O que me despertou interesse profundo foi a parte final da matéria, a qual fala de um tal de “Kit Evangélico”. Segundo a matéria, esse kit seriam algumas coisas pelas quais os evangélicos lutam, principalmente quando estão no poder ou quando apoiam alguém para chegar ao poder. Segundo a matéria, “Ocupação do solo, aliás, integra o “kit evangélico” real, a agenda de interesses que religiosos apresentam aos candidatos. Desejam tratamento diferenciado para os templos -a fim de que possam ultrapassar os níveis de ruído exigidos de outros estabelecimentos e fixar-se onde e como queiram, a despeito das normas urbanísticas”.

Eu não preciso dizer muito, mas é triste ver que os evangélicos lutam para poderem ultrapassar o nível de ruído permitido por lei. Quem mora perto de igrejas sabe o quanto é ruim chegar em casa cansado do trabalho e ser obrigado a ouvir músicas altas, pregações e até mesmo gritarias. Isso não é um preconceito em relação a igrejas, pois é horrível, da mesma sorte, ter que ouvir carros de som, propagandas políticas, som alto das mais variadas festas e etc.

Essa é uma questão de completa falta de respeito em relação ao próximo. Todo mundo que faz uma festa ou um culto religioso e seu som ultrapassa os níveis de ruído estabelecidos em lei deveria ser severamente punido, multado e o seu templo ou casa de festa fechados. Os evangélicos deveriam estar lutando para que a lei fosse obedecida, dando, em primeiro lugar, o exemplo. Uma coisa simples seria cuidar do isolamento acústico dos templos, assim, poderiam se reunir a qualquer hora sem incomodar os vizinhos.
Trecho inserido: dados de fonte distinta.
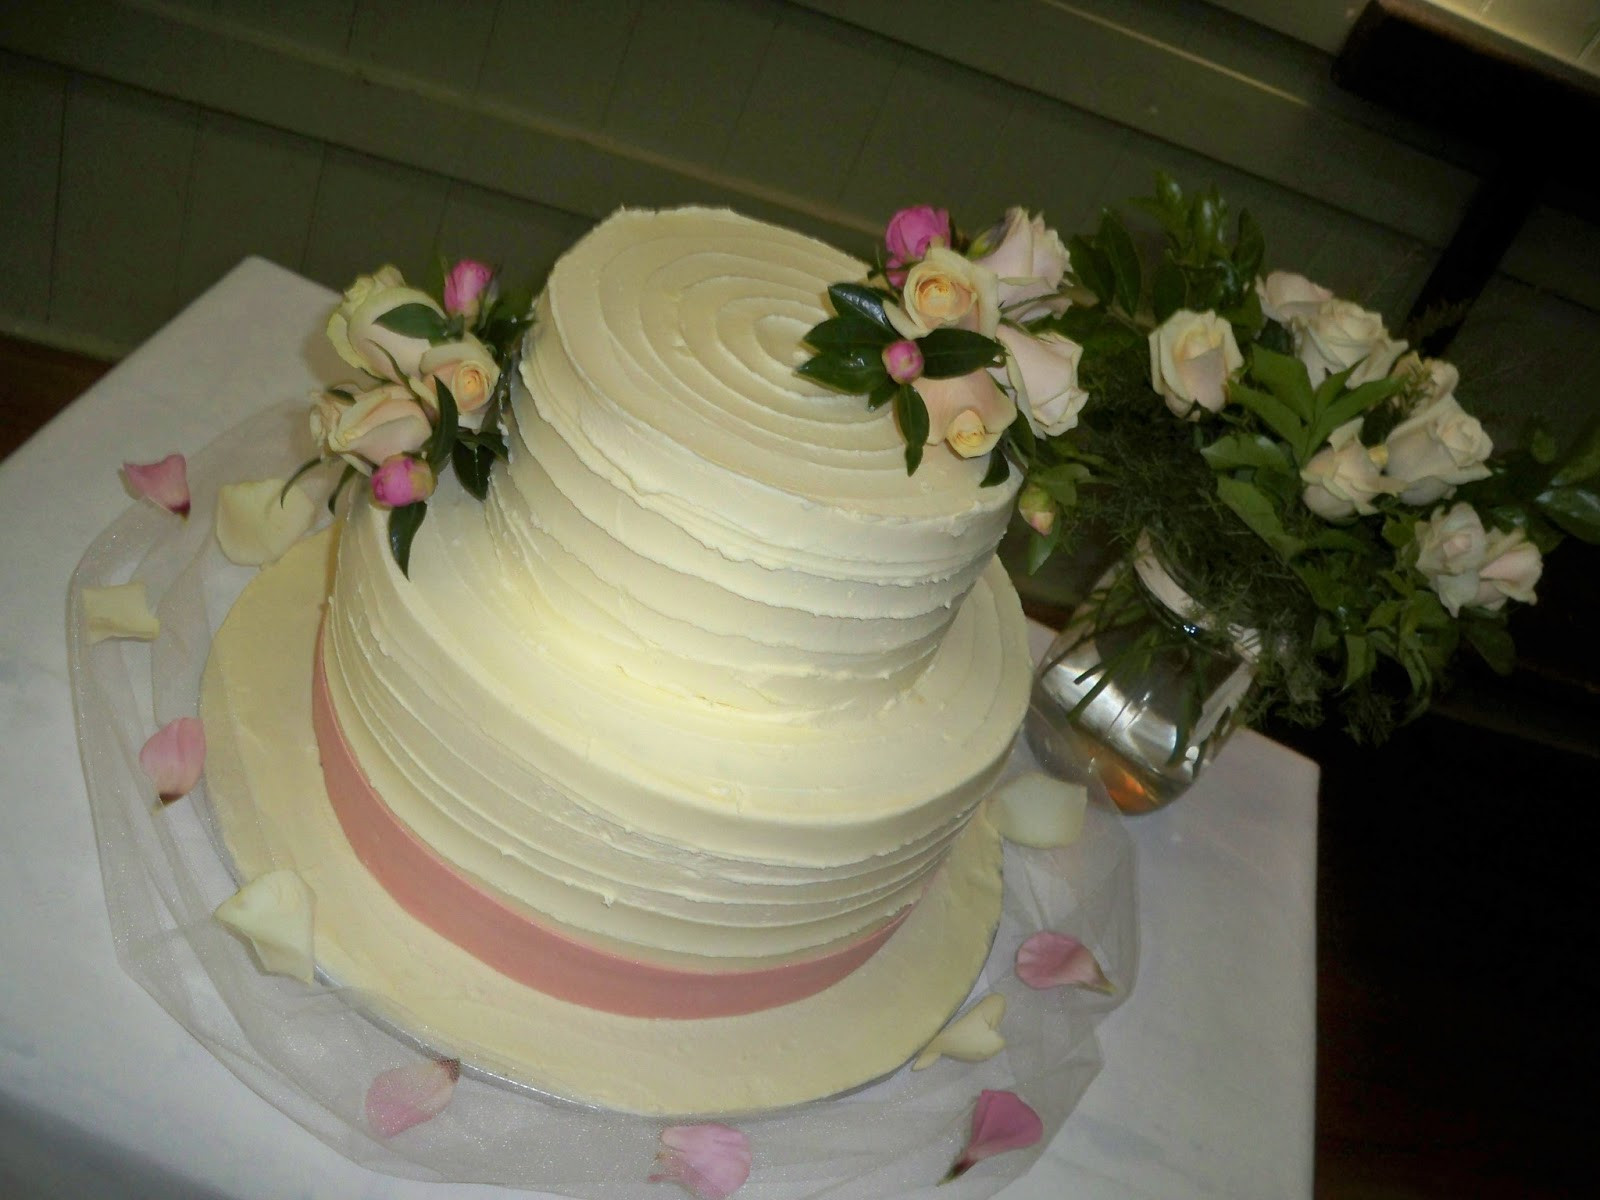 Chocolate Ganache Wedding Cakes  simple white chocolate ganache wedding cake with pink

Outra coisa é a questão da ocupação do solo. Hoje as cidades enfrentam um grande problema devido ao crescimento desordenado. Na tentativa de conter isso, algumas cidades estão criando regras urbanísticas mais severas (isso quando o prefeito não está vendido para alguma construtora) visando solucionar os problemas. Essas regras incluem lugares específicos para se estabelecer comércios, moradias, igrejas, incluindo as regras para construção, como a quantidade de andares permitidos. Mesmo que outros grupos briguem para infringir as leis, o povo evangélico deveria ser o primeiro a lutar para que a lei fosse cumprida, buscando uma cidade melhor para vivermos.
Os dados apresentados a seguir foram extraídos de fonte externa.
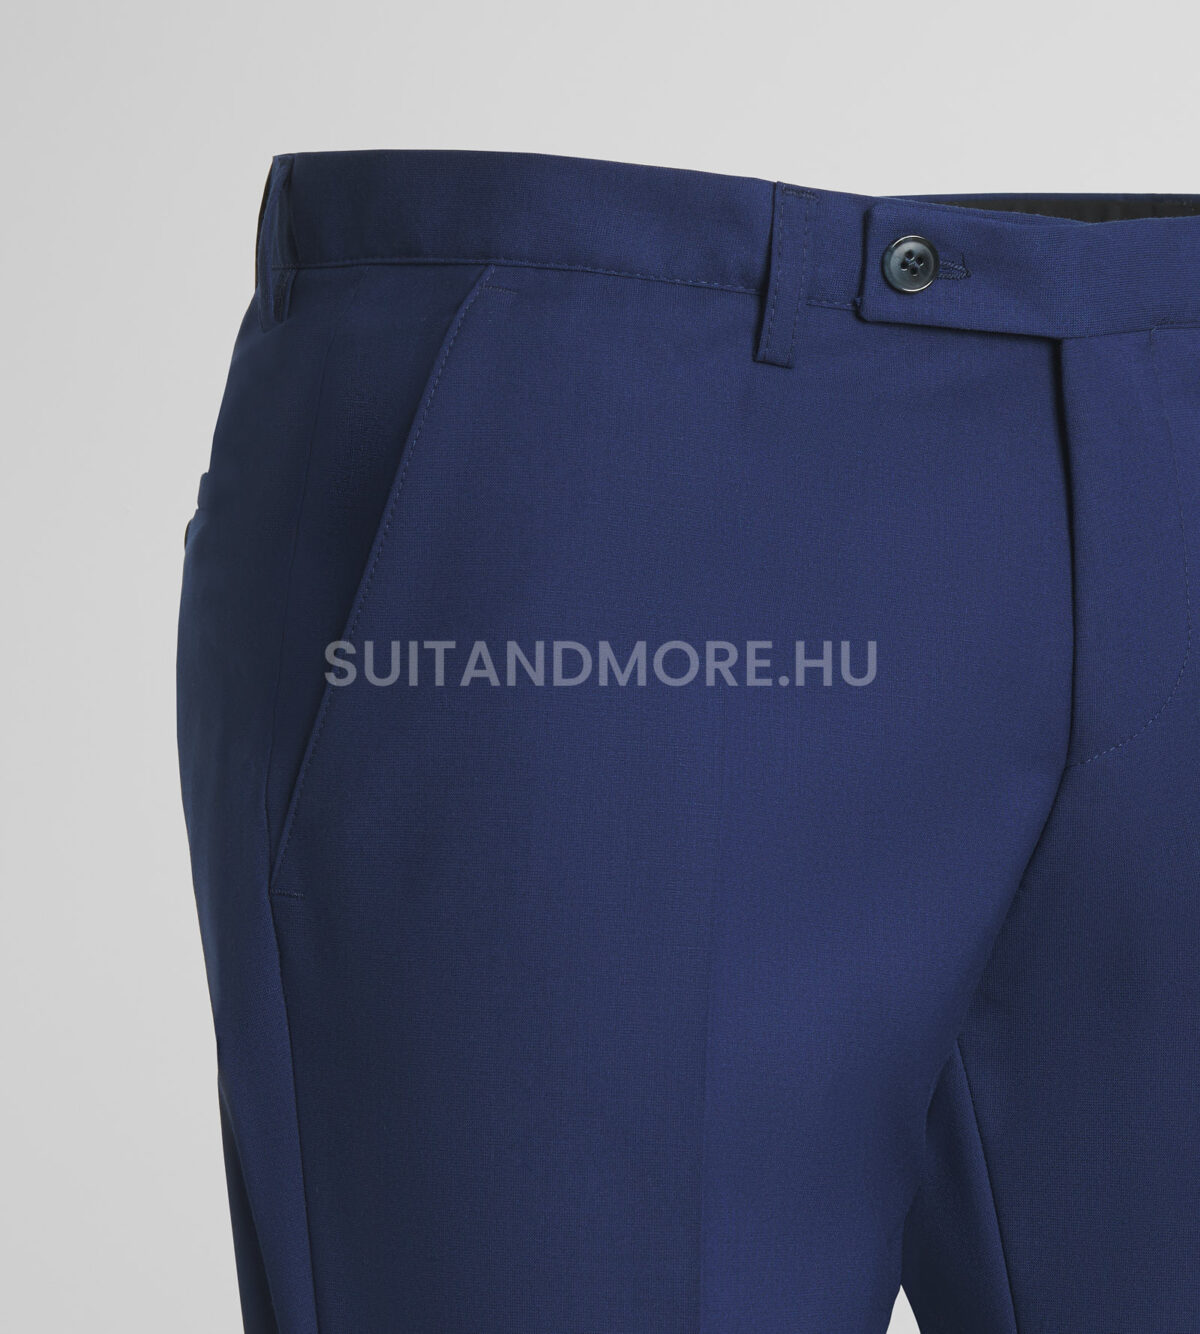 digel-move-tintakek-extra-slim-fit-oltony-nate-nanno-99713-24

Por fim, matérias como essa da Folha mostram uma espécie de ódio e preconceito em relação ao mundo evangélico. Não é um ódio porque os “crentes” deixaram o mundo e estão vivendo para Deus, mas um ódio porque os evangélicos se juntam para lutar pelos seus próprios interesses, não se importando com a lei nem com a cidade. Há uma máxima antiga que diz: “Não faça aos outros o que não gostaria que fizessem com você”. Jesus inverte essa lógica, tornando-a positiva, e diz: “Faça aos outros o que você gostaria que fizessem com você”. O mundo evangélico da mídia, a galera gospel, está mergulhado em uma profunda contradição: lutam para infringir as leis e as regras urbanísticas, fazendo aos outros o que não gostariam que fizessem com eles. Depois vão dizer que é perseguição quando uma lei vier restringindo o horário dos cultos estabelecendo punições severas. Não será perseguição. Estarão colhendo o que estão plantando hoje.